2. Error Level Analysis. The forensic analysis of the JPEG compression as performed by error level analysis (ELA) does not provide a quantitative or reliable analysis of photo manipulation. This analysis frequently mis-identifies authentic photos as altered and fails to identify altered images, and as such is not a reliable forensic tool.
3. Shadow Analysis. The shadow analysis is flawed in its logic and conclusions. It is true that linear constraints that connect points on an object with their corresponding points on the shadow should intersect at a single point (assuming the presence of a single light source). The location of this intersection point, however, cannot be used to reason about the elevation of the light in the scene. The intersection point is simply the projection of the light source into the image plane. This projected location can be anywhere in the image (including below the ground plane) depending on where the photographer is oriented relative to the sun.

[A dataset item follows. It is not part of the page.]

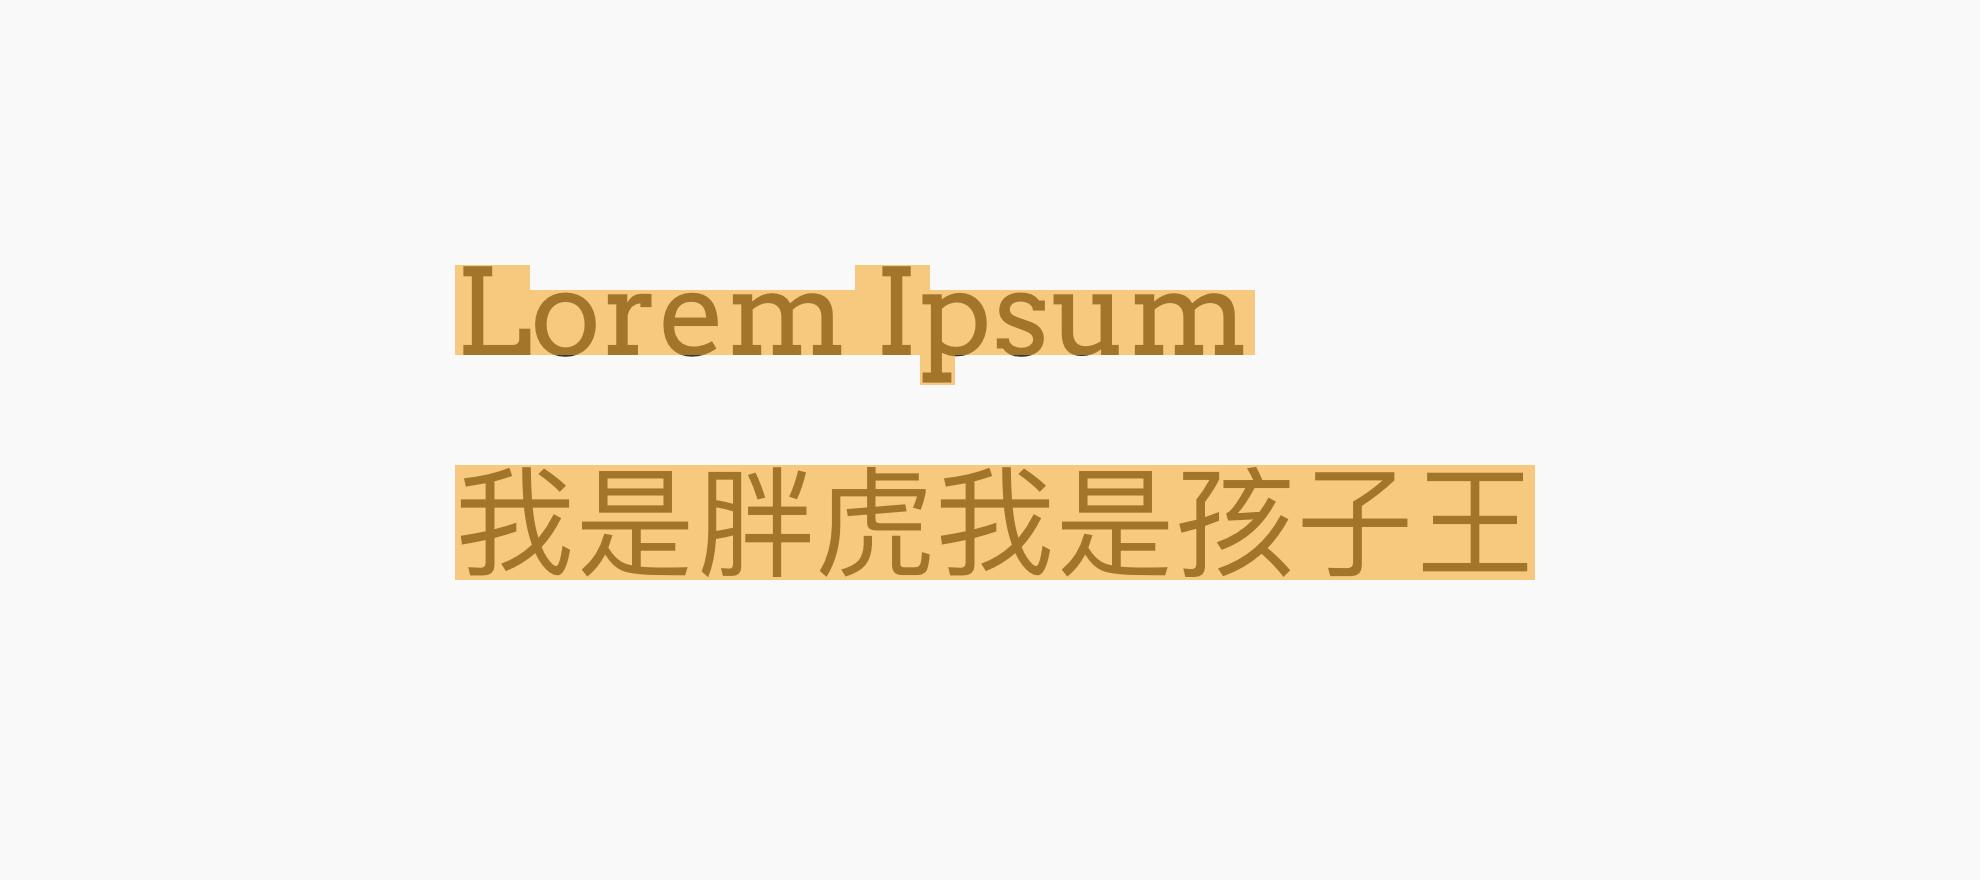 消滅 Lorem 吧!仿真內容的介面設計 - De-Magazine - Medium

Dr. Hany Farid, Professor of Computer Science at Dartmouth College and co-founder and CTO of Fourandsix Technologies & Kevin Connor, CEO of Fourandsix
“When I compare the RAW file with the prizewinning version I can indeed see that there has been a fair amount of post-production, in the sense that some areas have been made lighter and others darker. But regarding the positions of each pixel, all of them are exactly in the same place in the JPEG (the prizewinning image) as they are in the RAW file. I would therefore rule out any question of a composite image.”
Eduard de Kam, digital photography expert NIDF (Nederlands Instituut voor Digitale Fotografie)
World Press Photo is the leading international contest in photojournalism. The contest entry rules state that the content of the images must not be altered. Only retouching which conforms to currently accepted standards in the industry is allowed. The jury will consider what they deem acceptable in each category during the judging and they can request original, untouched files or scans from the photographers to examine.In case there is doubt after the judging has been completed, there is a procedure for re-examining the files which could ultimately lead to the disqualification of the work and withdrawal of the award.